По празднично принаряженному люду побежал согласный гул.
Тут собственной персоной, хромая, через общую залу прошел Орбан, который будто и не замечал никого, кроме хозяина гостиницы. Запах прокисшего вина Перрин учуял еще за пять шагов.
— Куда провалилась та старуха со своими травами? — грубо спросил Орбан. — Ганн страдает от ран, и у меня голова раскалывается!
Фурлан склонился чуть не до пола:
— Ах, Лорд Орбан, матушка Лейх вернется утром. Роды, лорд! Но она сказала, что зашила ваши раны и припарки поставила, и вам, и Лорду Ганну, так что не стоит волноваться. Ах, Лорд Орбан, уверен, завтра, как вернется, она первым делом явится к вам!
Перебинтованный лорд что-то пробурчал себе под нос — неслышно для всех, но не для ушей Перрина: мол, фермерская женка нашла время пороситься, а его якобы зашили, как мешок с провизией. Лорд Орбан поднял угрюмые, сердитые глаза и будто только сейчас узрел вновь прибывших. На Перрина он почти не обратил внимания, что того ничуть не удивило. Глаза Орбана слегка расширились, когда он взглянул на Лойала. Он встречал огир, — подумал Перрин, — но не ожидал увидеть его здесь. Орбан бросил взор на Лана, и глаза его сузились. Бойца в Лане он признал с первого взгляда, и ему не по нраву видеть настоящего воина. Когда же Лорд Орбан наклонился, пытаясь заглянуть под капюшон Морейн, глаза его загорелись, хотя издалека он вряд ли увидел ее лицо.

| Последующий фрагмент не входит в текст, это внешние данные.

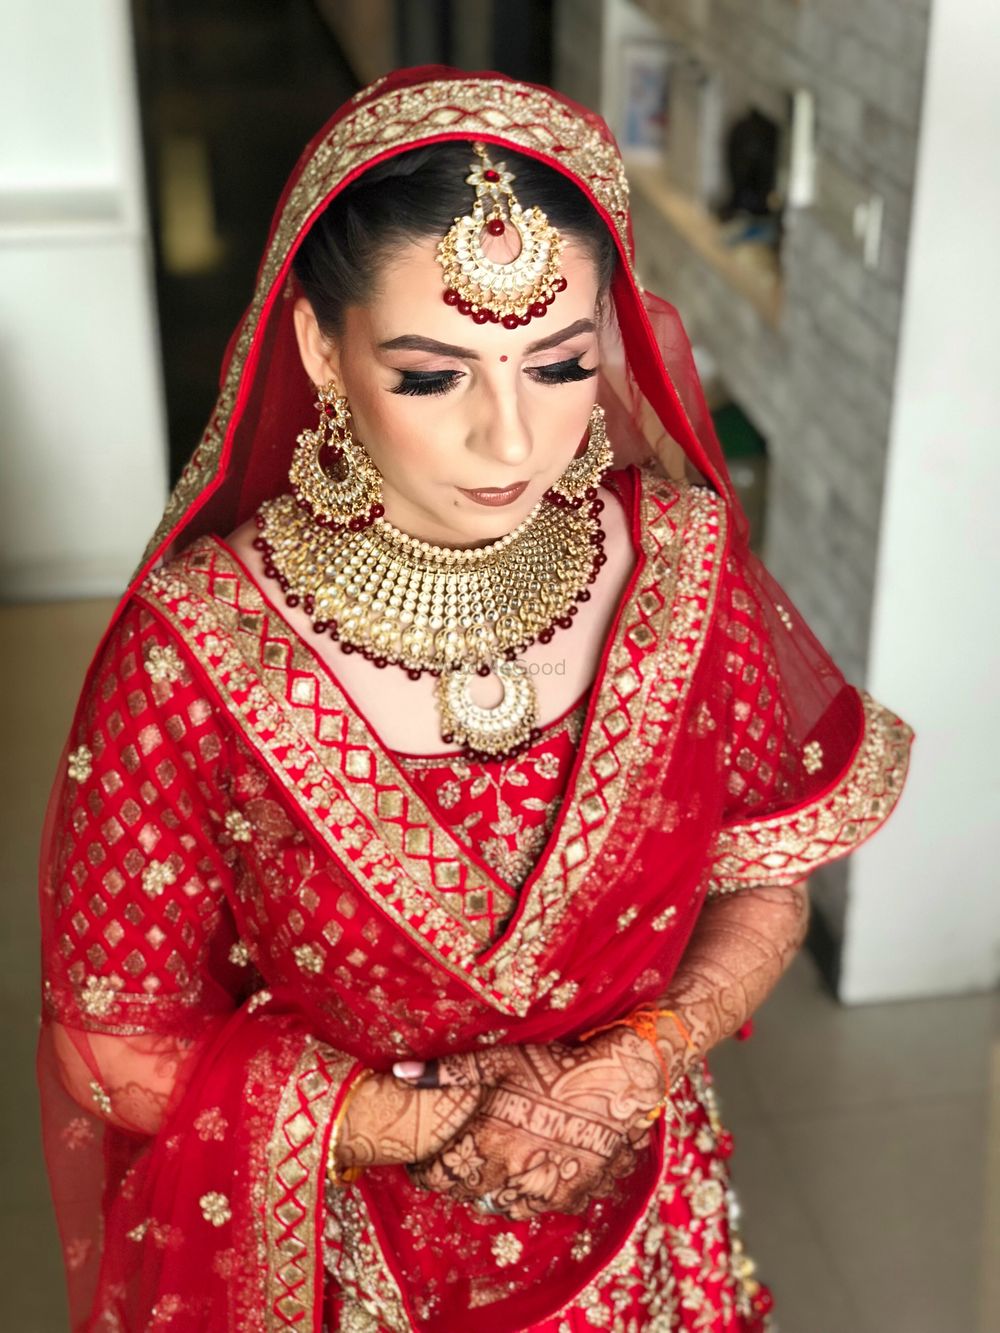 Photo By Rachit Lavanya Makeovers - Bridal Makeup

Раз дело касается Айз Седай, Перрин решил, что лучше вообще ни о чем не думать, и надеялся, что ни Морейн, ни Лан тоже не станут задаваться вопросами. Однако огонек в глазах Стража подсказал Перрину, что по крайней мере Лан ничего не упустил.
— Вас было двенадцать против двадцати айильцев? — спросил Лан равнодушным тоном.
Орбан, морщась, выпрямился. Притворно небрежным тоном промолвил:
— Именно. Когда ищешь Рог Валир, надо быть готовым к таким встречам. Подобная схватка и для Ганна, и для меня не первая и не последняя. Будут и другие сражения, пока мы не найдем Рог. Если озарит нас Свет. — Он произнес эти слова так, будто у Света нет других забот. — Разумеется, не все наши битвы были с айил, но всегда находятся те, кто хочет остановить Охотников. Пусть попробуют! Ганна и меня — нас так легко не остановишь!
Одобрительный шепоток всколыхнул горожан. Орбан еще больше приосанился.
— Вы потеряли шестерых и одного взяли в плен. — По бесстрашному тону Лана нельзя было понять, стоит ли гордиться таким исходом или же его следует стыдиться.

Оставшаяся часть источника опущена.